Anyway, one quick press of a button and the enemy would have a hole in them a mile wide. The work station was surrounded by a crystal blast shield, but even so, there were deep burn marks in the desk and the floor inside the shield. I was never allowed to touch it. But I wanted to. Boy, did I want to.
I walked away from Marlon to follow the aisle to my favorite invention. He wouldn't even miss me. I'm not even sure he really knew I was there. He hadn't really been talking to me, just griping out loud. I got to the end of the main aisle and turned down the hall.

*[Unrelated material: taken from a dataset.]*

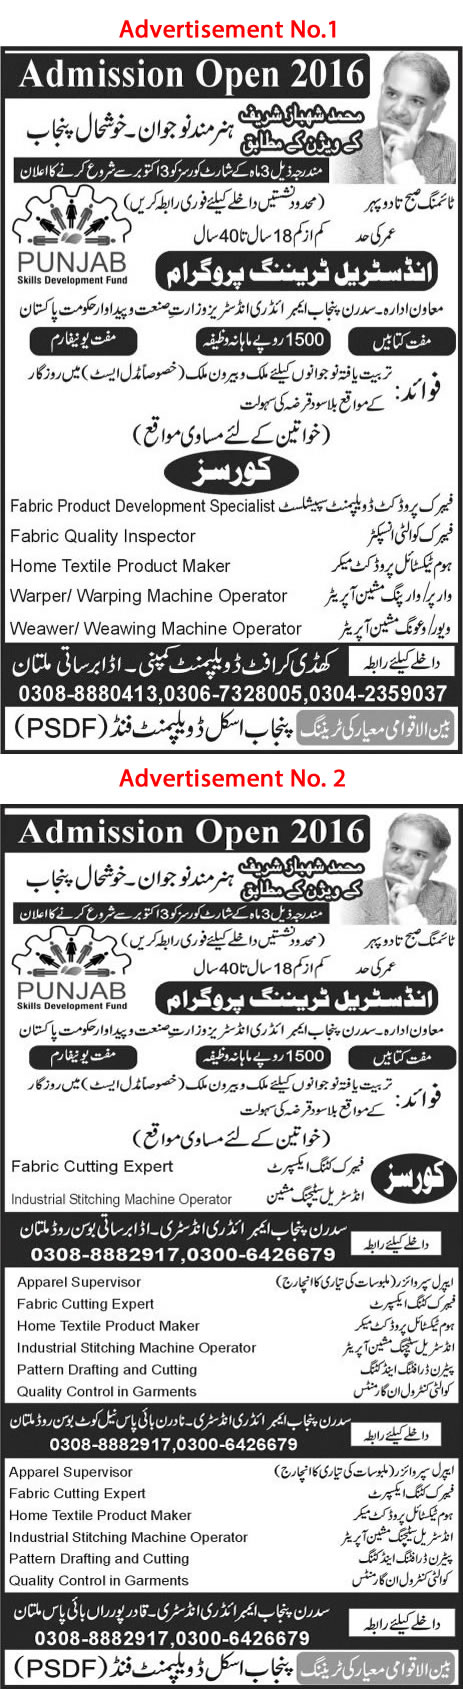 PSDF Free Courses in Multan September 2016 Punjab Skill Development Fund Latest

Physical inventions were created in the main lab. It was an open space with every kind of machinery imaginable, and people worked in stations on large tables with other arrays of smaller tools for the job. Three whole Condor Ones could have fit inside the main lab. That alone would have been impressive. But there were some "inventions" that weren't things so much as experiments. Some contained viruses. Some contained animals being studied. Most of them, though, contained plant life of different forms in secured environments. Every climate of Earth was represented, as the Bradley bot was proud to repeat over and over. I passed both arctic and desert. I walked right by the plains. I paused once again at the forest. Something about that one was beautiful. But I knew where I wanted to be. Swamps.
I ran my key through the door and waited, then entered the air lock. I had to wait for the door behind me to close and seal, then press the button. The outside air was sucked out and the heavy, humid swamp breeze filled the chamber. I felt myself unwind. I was somewhere that felt familiar. It felt like Laak'sa, felt like home. The door clicked and swung open and I could hear the buzz of dragonfly wings.
Okay, not just like home. Laak'sa doesn't have dragon flies. They do, however, have caa flies, and they have the same almost mechanical buzz when their wings flap incredibly fast. Their water is different. The marsh in this artificial environment smells sweeter, where Laak'sa's has a slight sulfur smell. Not as bad as v-2445, but definitely there. The mud in this containment chamber is deep brown, while on Laak'sa, it's deep green. I sat on a log and closed my eyes. The differences didn't change the feeling. It felt like home.